#### [Task]
Every entry that follows should be repeated exactly; drop the images.

Records from a data source:
_ _ _

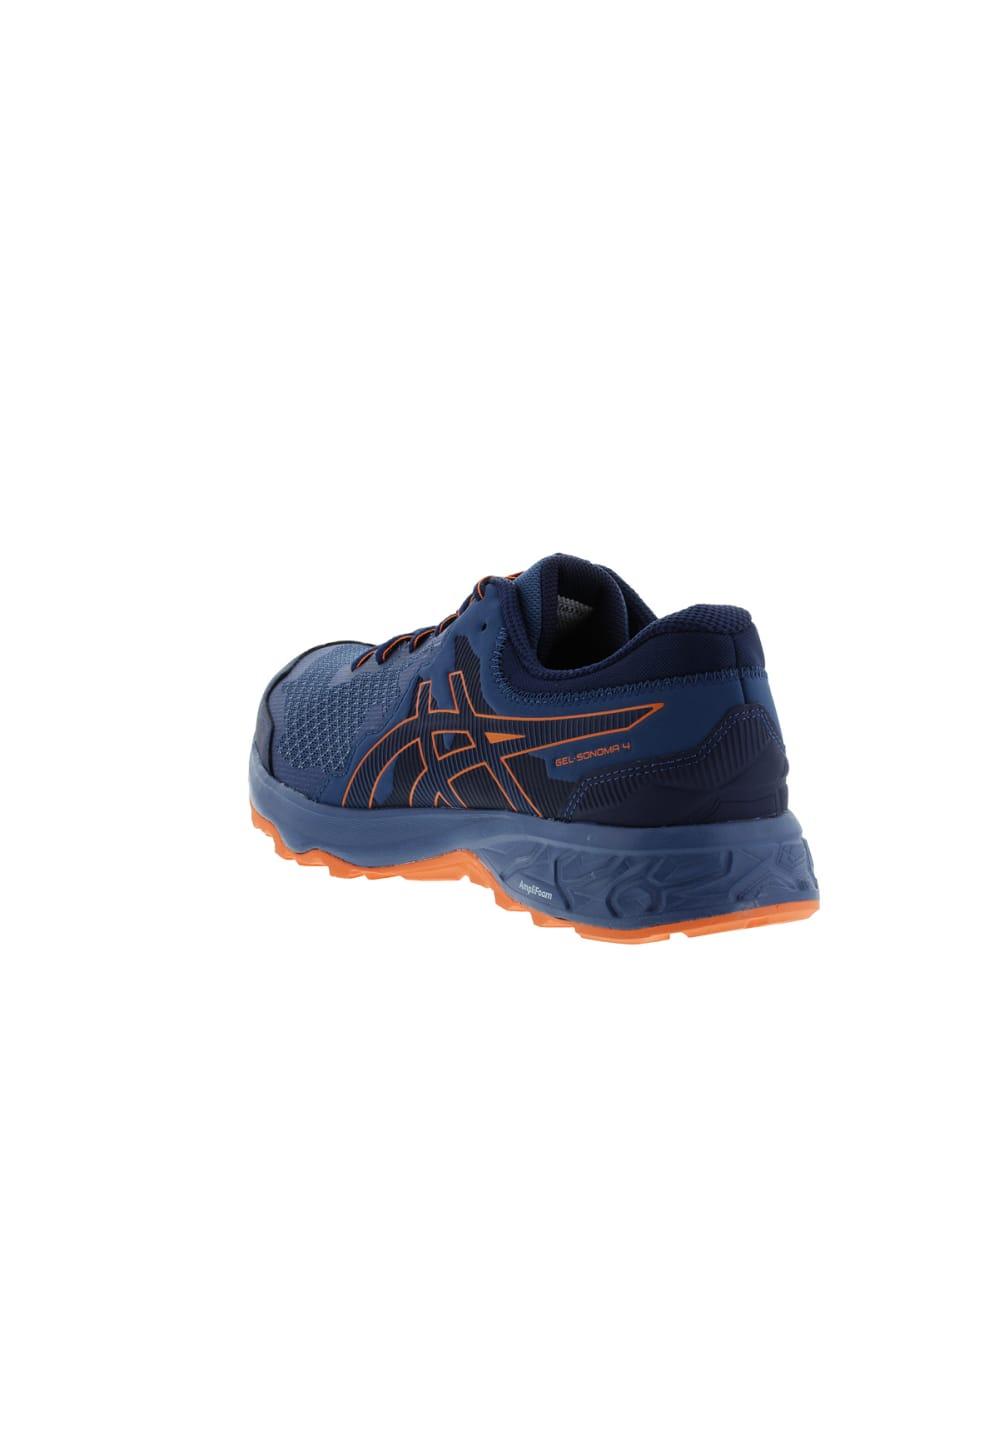 ce7fdfe8edb8d ASICS GEL-SONOMA 4 - Running shoes for Men - Blue
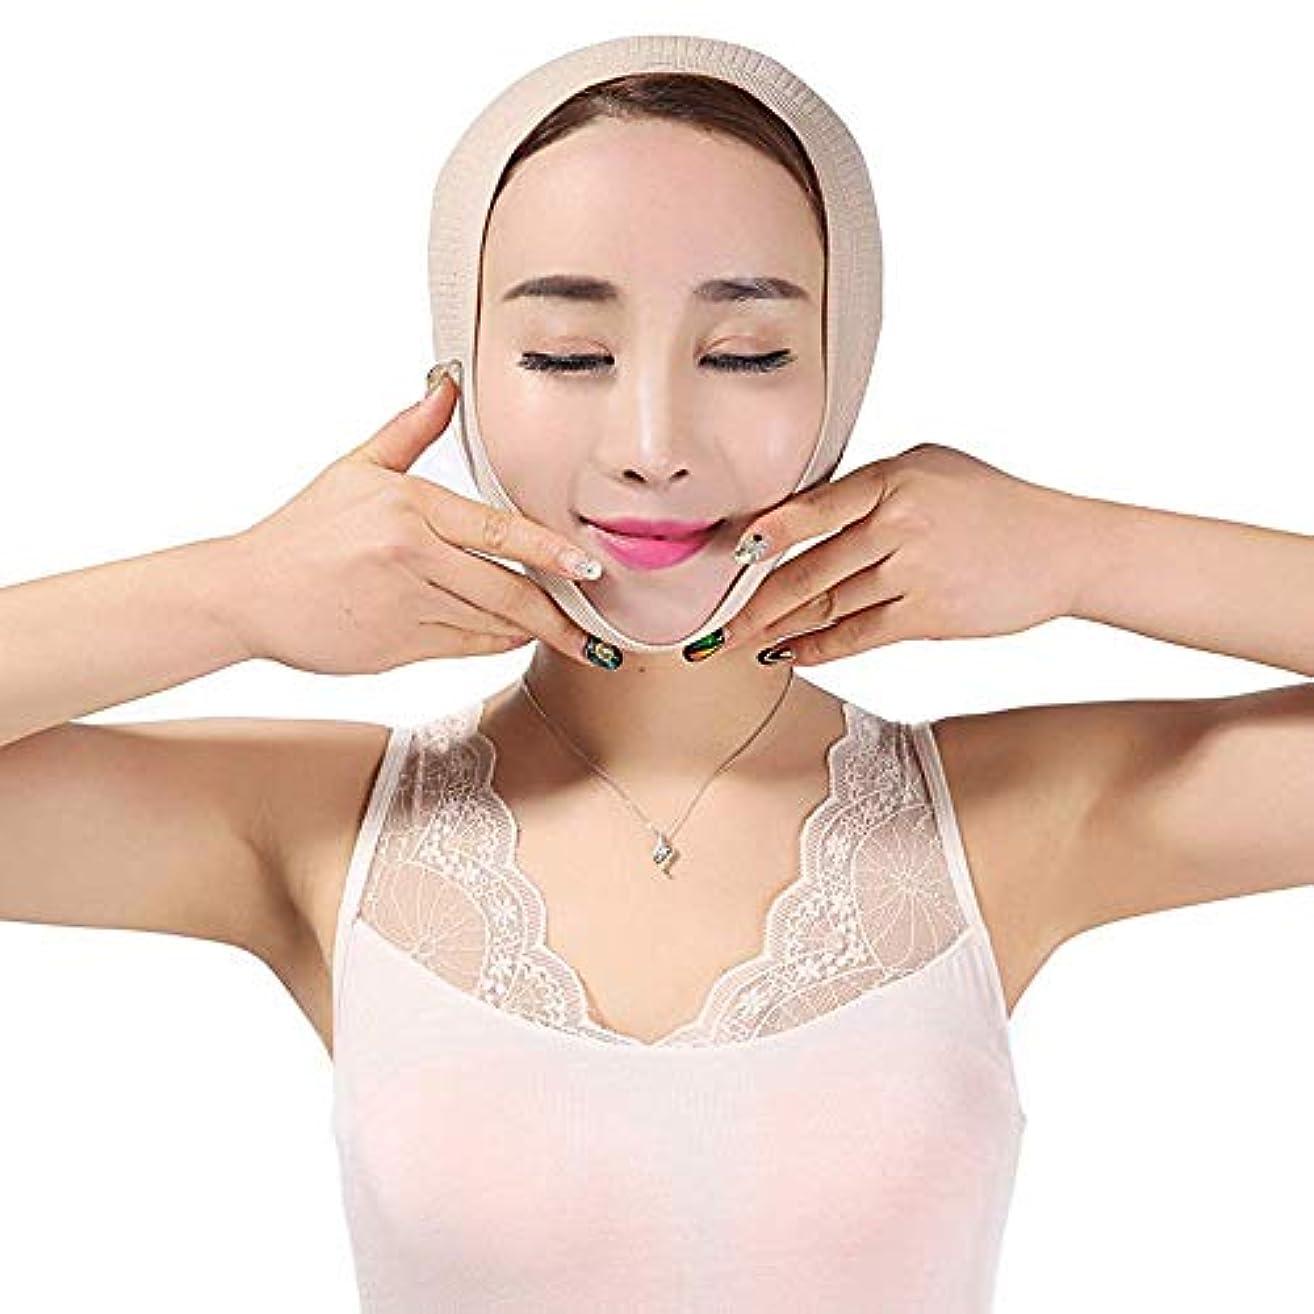 放射能クリスチャン詳細に薄い顔の器械のマスクの改装の包帯Vの表面持ち上がることの引き締めの美顔術の二重最大の顔のマッサージャー
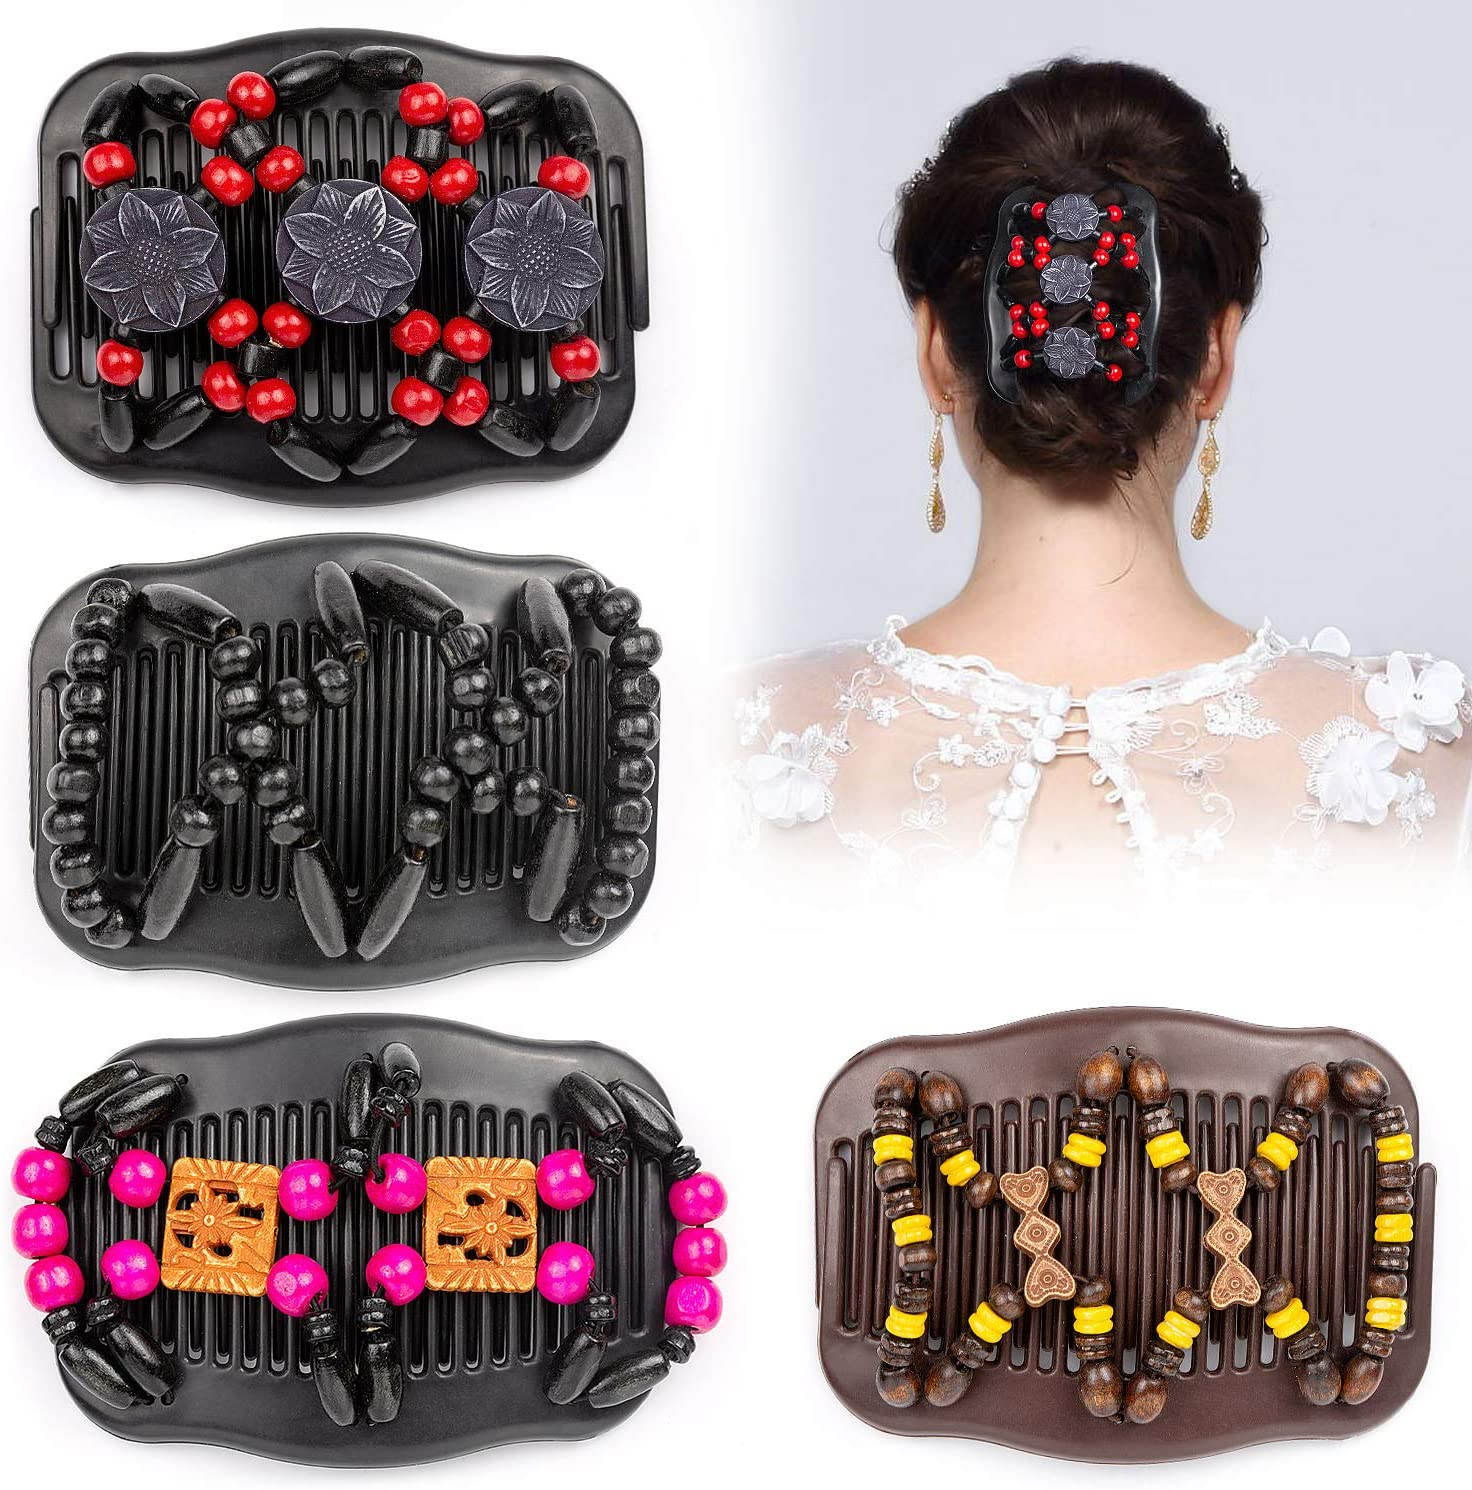 Wodasi Estirar Combs Magic Hair Clips, 4 Pcs Magic Hair Comb, Moda Mágica Peine, Pelo Elástico Mágico Peineta, Peinetas de pelo Pinzas de Pelo Elástica, Pinzas de Pelo Elástica Mágica
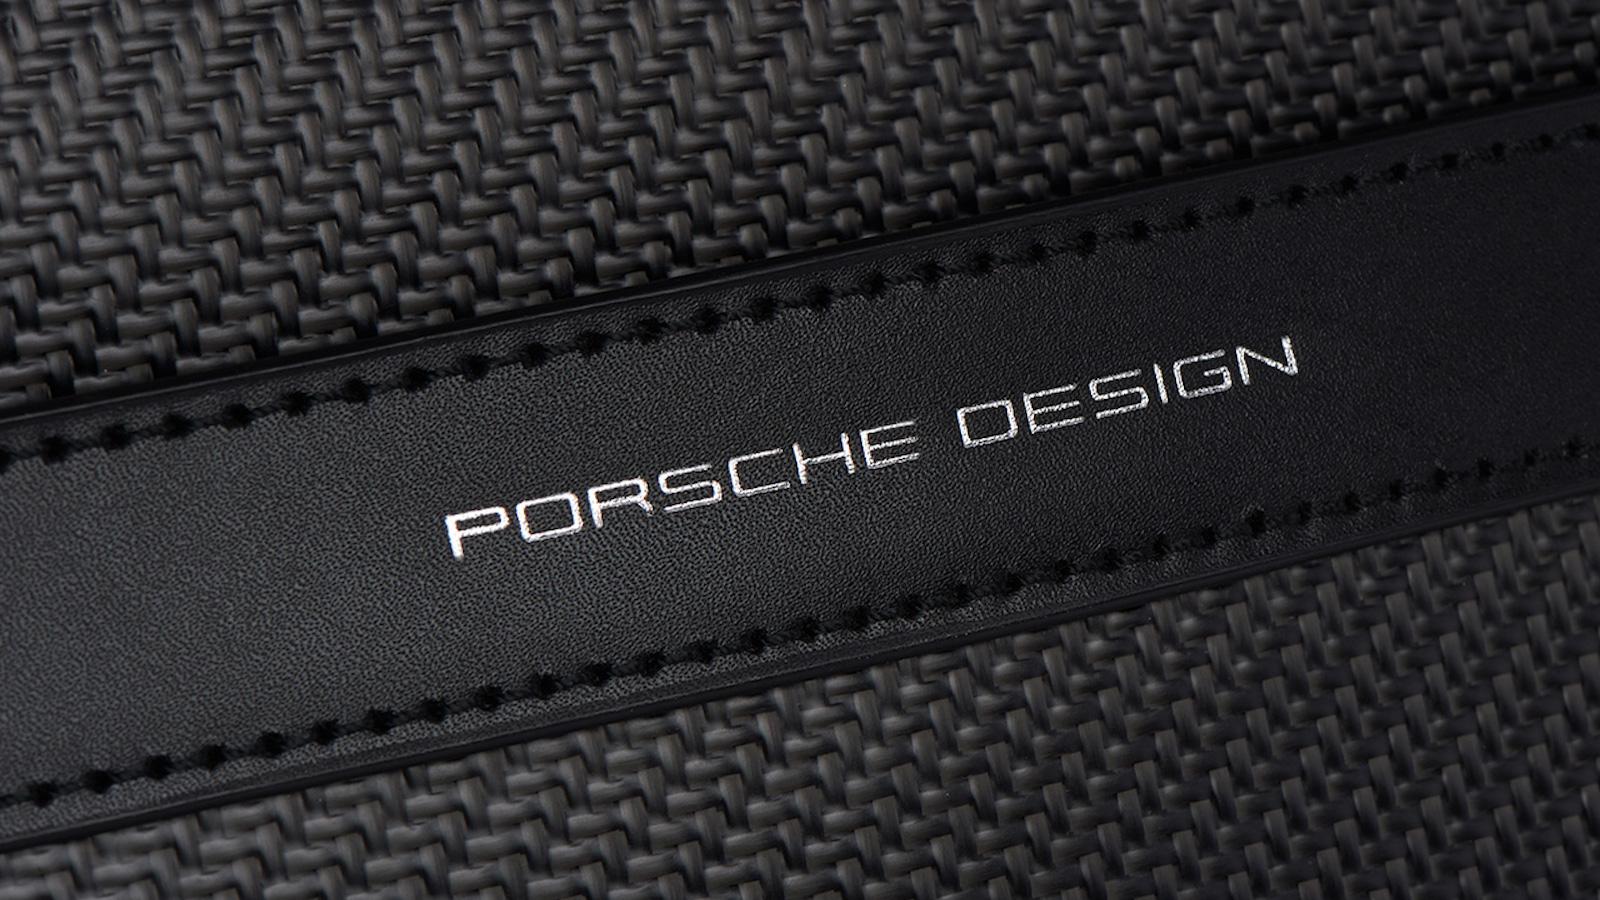 Porsche Design Carbon Briefbag MHZ durable luggage stores your laptop safely
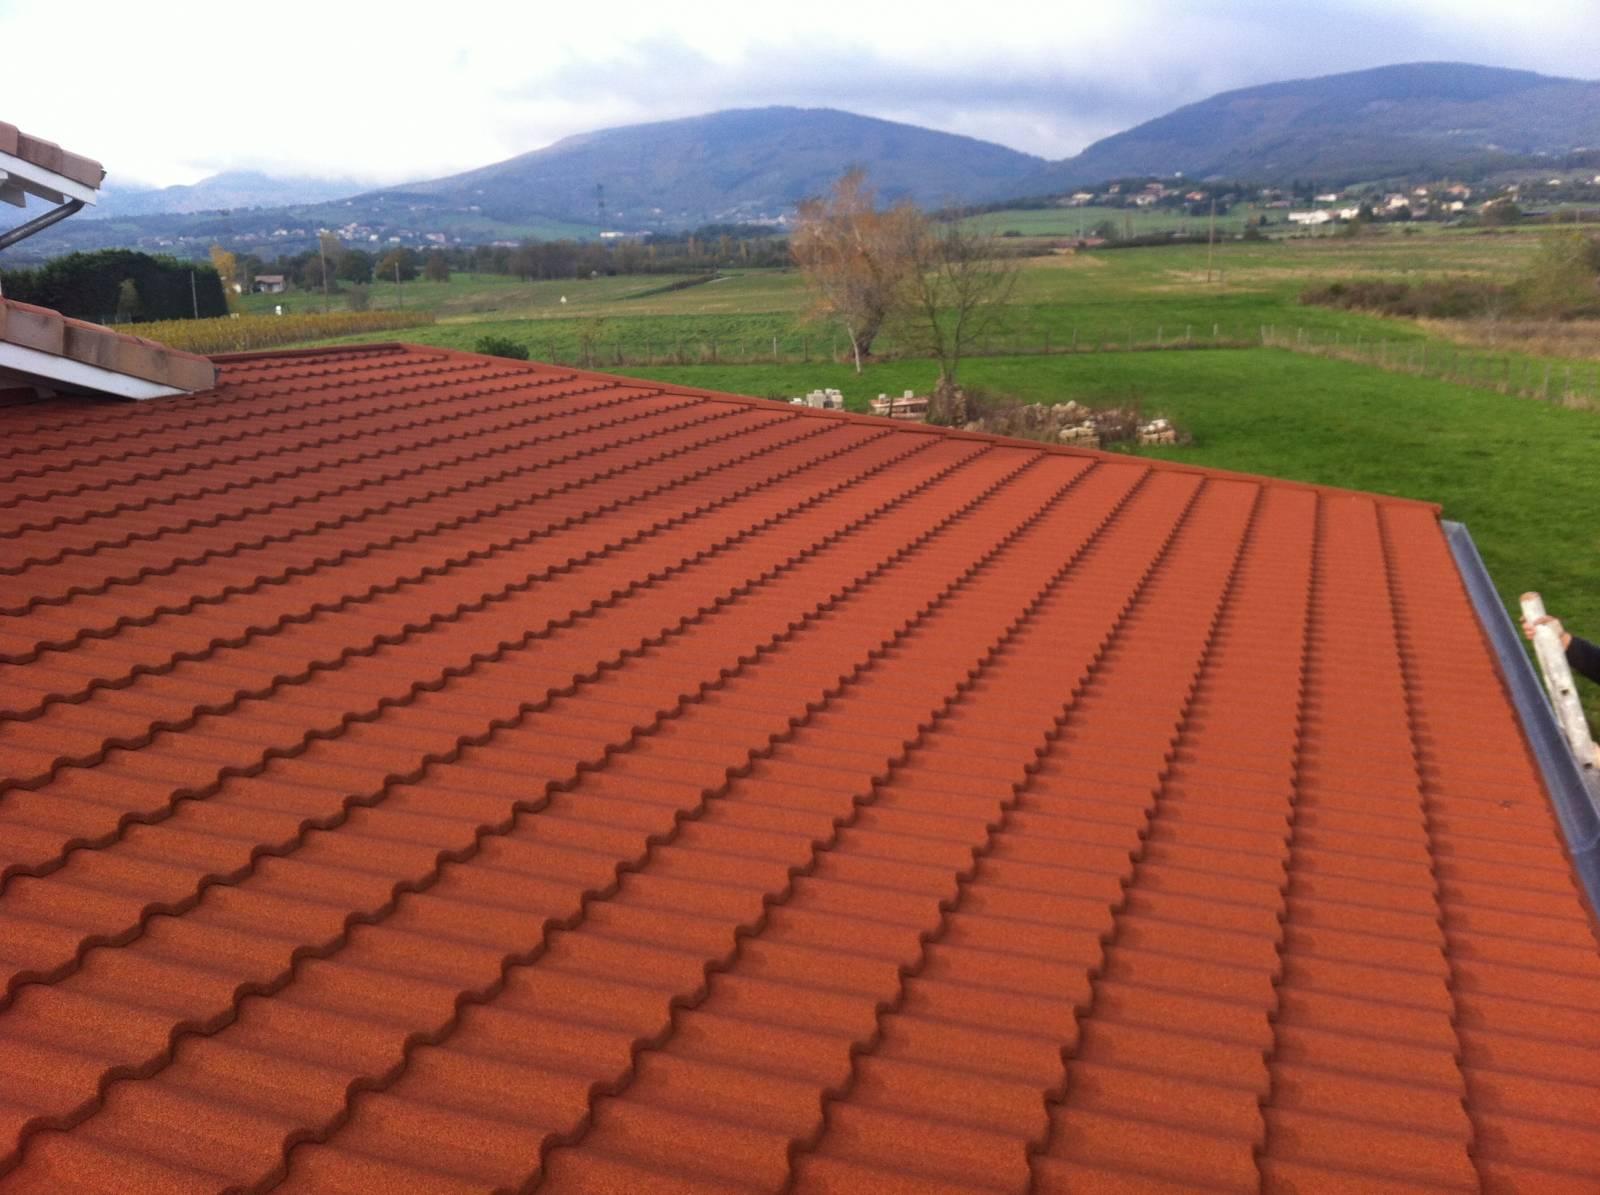 Tuiles Pour Toiture Faible Pente Fabrication Livraison De Tuiles Lyon Materiaux Renovation Toiture Ahi Roofing

_ _ _

#### [Output below]
 ce7fdfe8edb8d ASICS GEL-SONOMA 4 - Running shoes for Men - Blue
 放射能クリスチャン詳細に薄い顔の器械のマスクの改装の包帯Vの表面持ち上がることの引き締めの美顔術の二重最大の顔のマッサージャー
 Wodasi Estirar Combs Magic Hair Clips, 4 Pcs Magic Hair Comb, Moda Mágica Peine, Pelo Elástico Mágico Peineta, Peinetas de pelo Pinzas de Pelo Elástica, Pinzas de Pelo Elástica Mágica
 Porsche Design Carbon Briefbag MHZ durable luggage stores your laptop safely
 Tuiles Pour Toiture Faible Pente Fabrication Livraison De Tuiles Lyon Materiaux Renovation Toiture Ahi Roofing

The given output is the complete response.